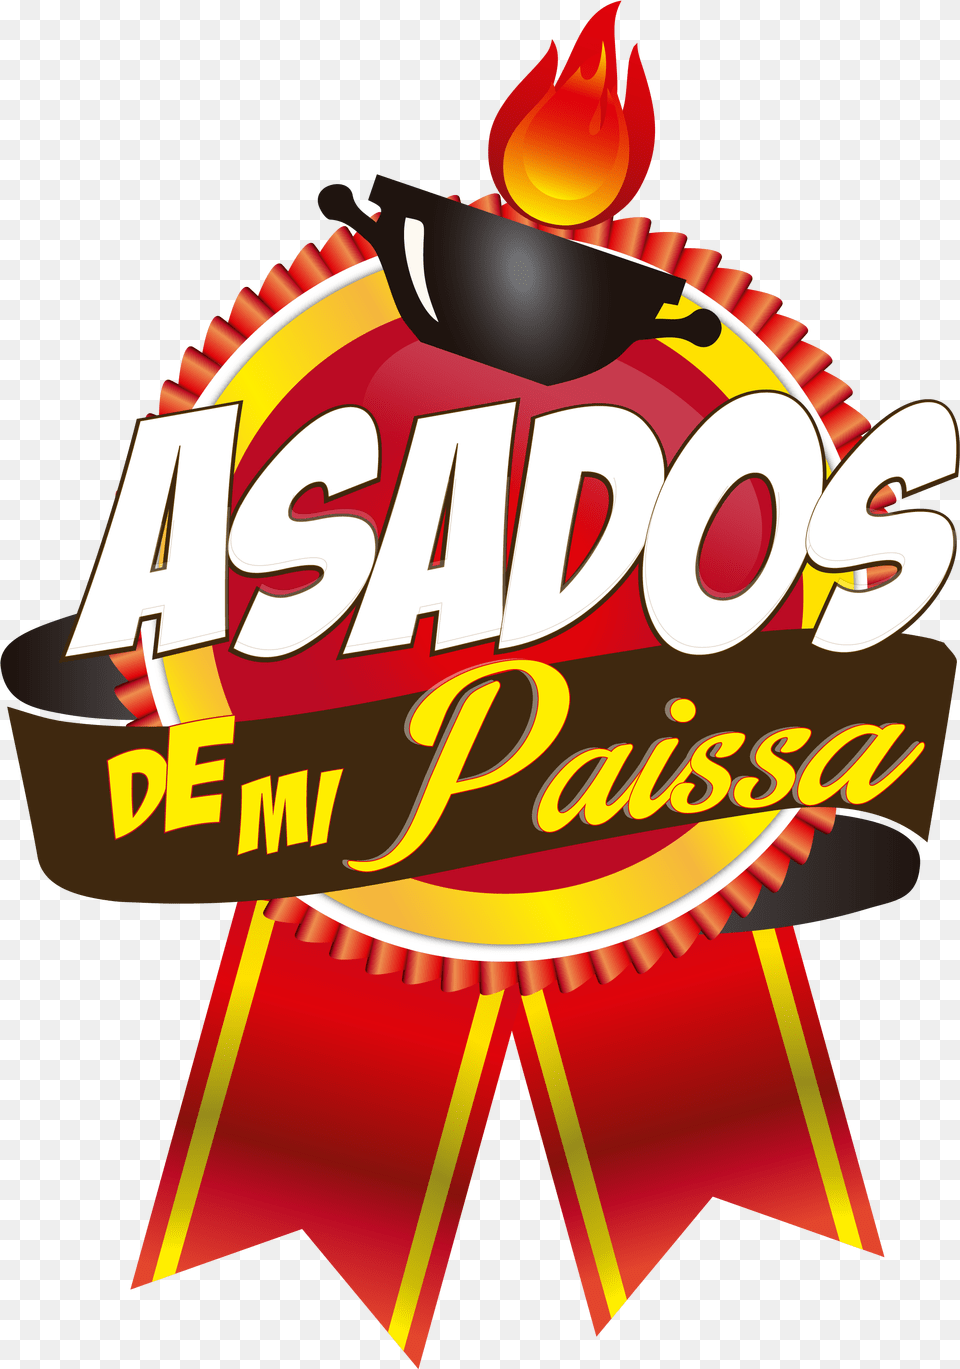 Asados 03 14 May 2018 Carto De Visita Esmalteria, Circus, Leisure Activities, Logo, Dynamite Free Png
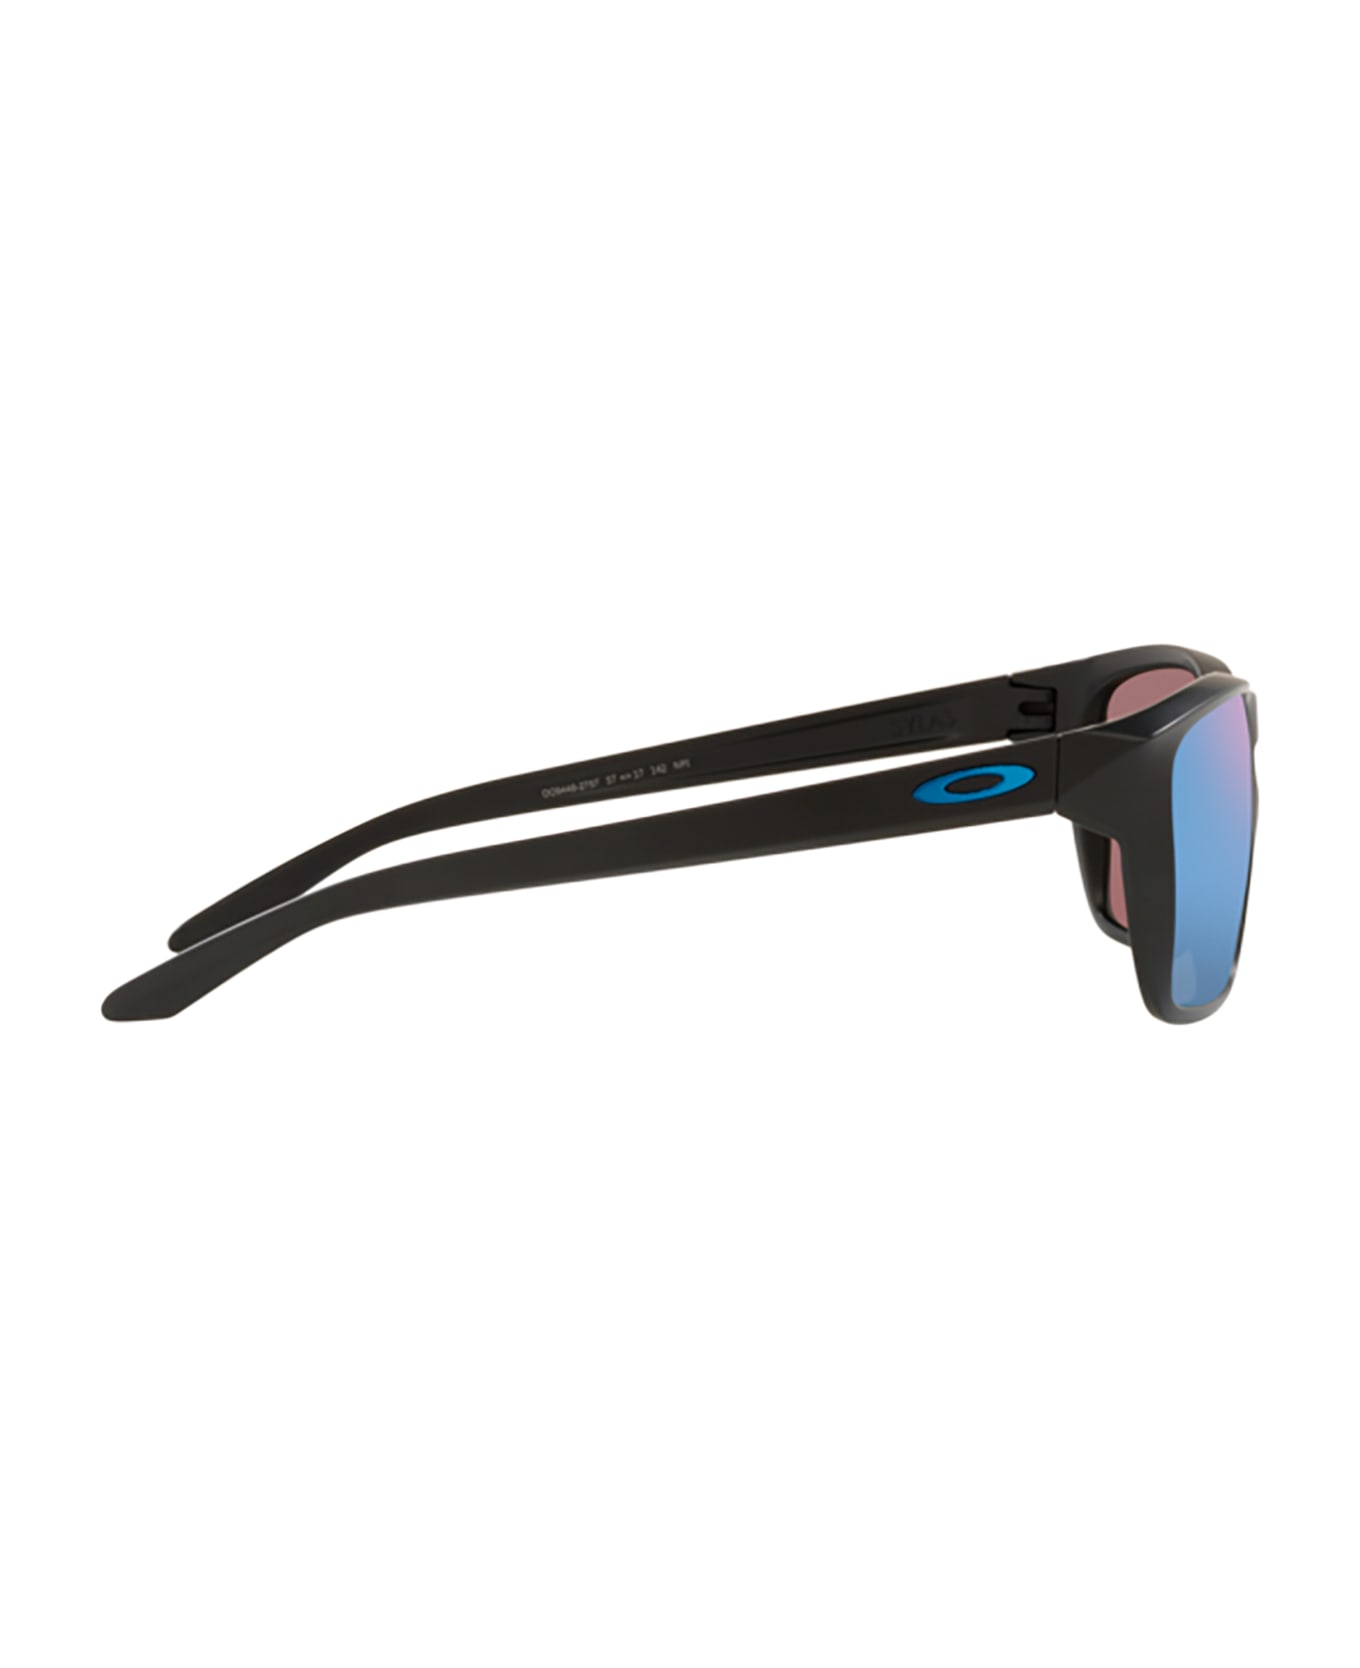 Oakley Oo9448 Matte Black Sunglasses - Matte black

○ ○ ○ ○ ○ ○ ○

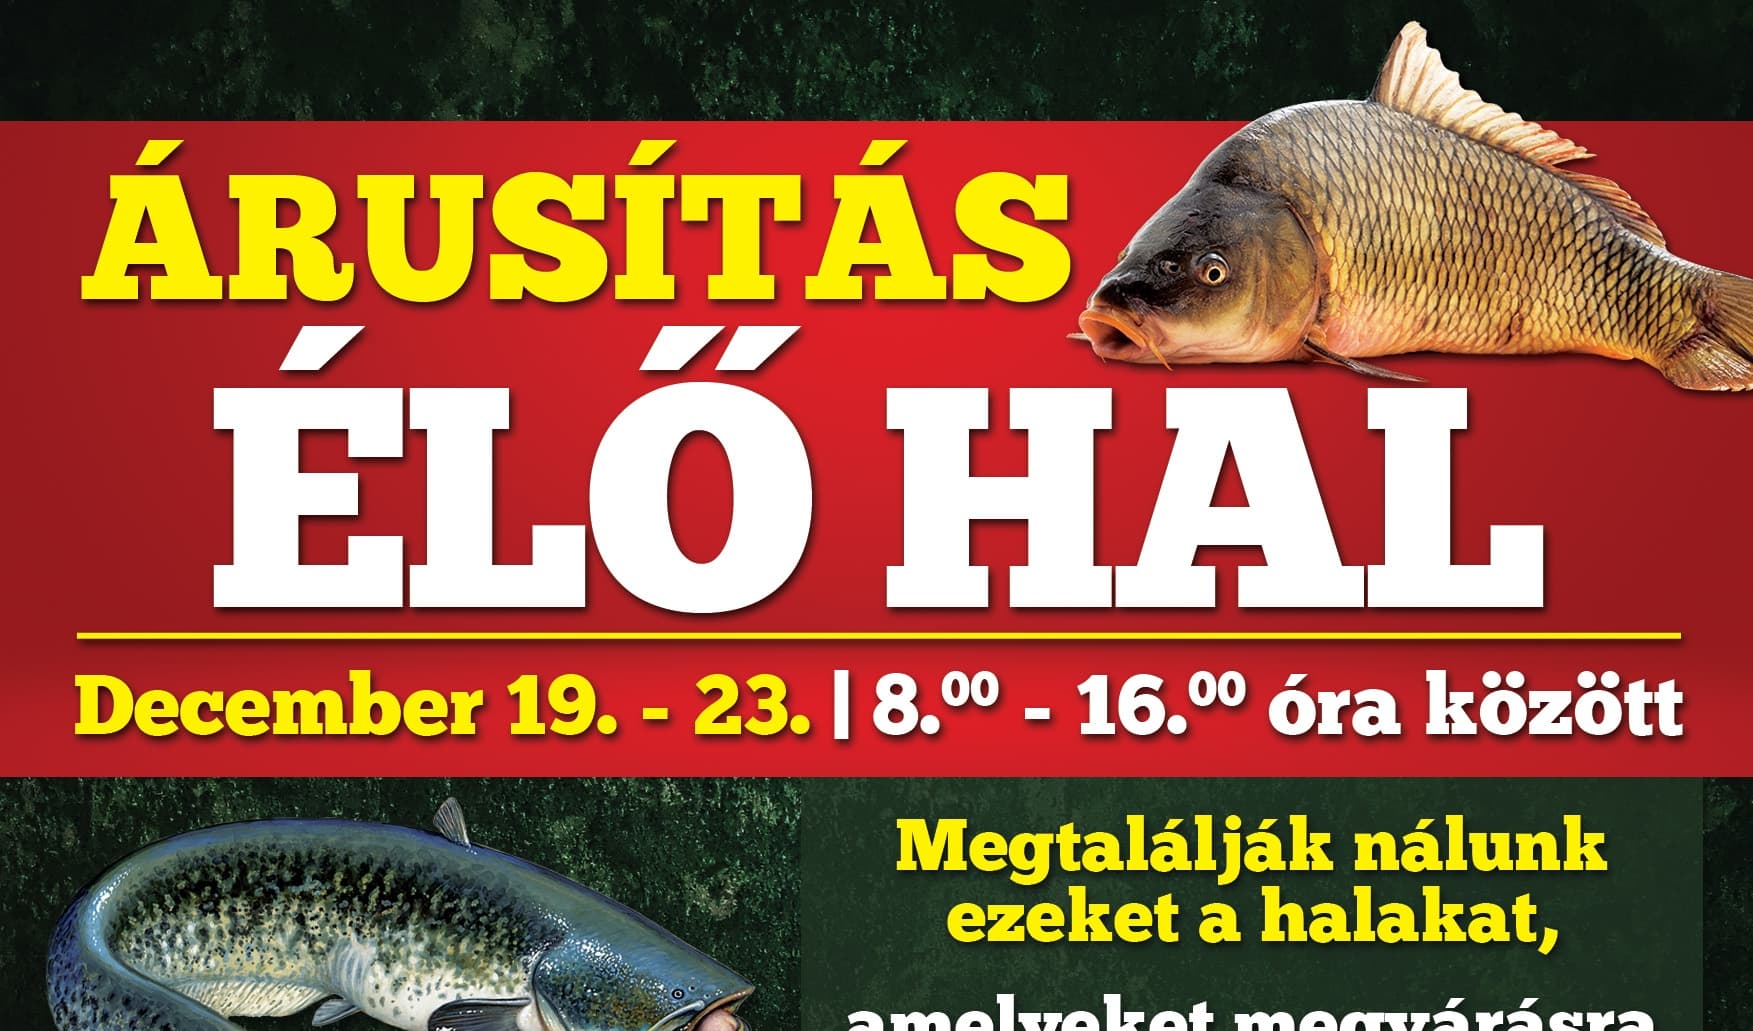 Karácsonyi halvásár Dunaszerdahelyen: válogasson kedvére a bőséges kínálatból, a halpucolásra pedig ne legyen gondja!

○ ○ ○ ○ ○ ○ ○

# [WHAT THE TASK ASKS]
Skipping every picture, transcribe exactly the lines above from the one containing "Asados 03 14" through the one containing "Oakley Oo9448 Matte", both included.

# [RESULT BELOW]
 Asados 03 14 May 2018 Carto De Visita Esmalteria, Circus, Leisure Activities, Logo, Dynamite Free Png
 Oakley Oo9448 Matte Black Sunglasses - Matte black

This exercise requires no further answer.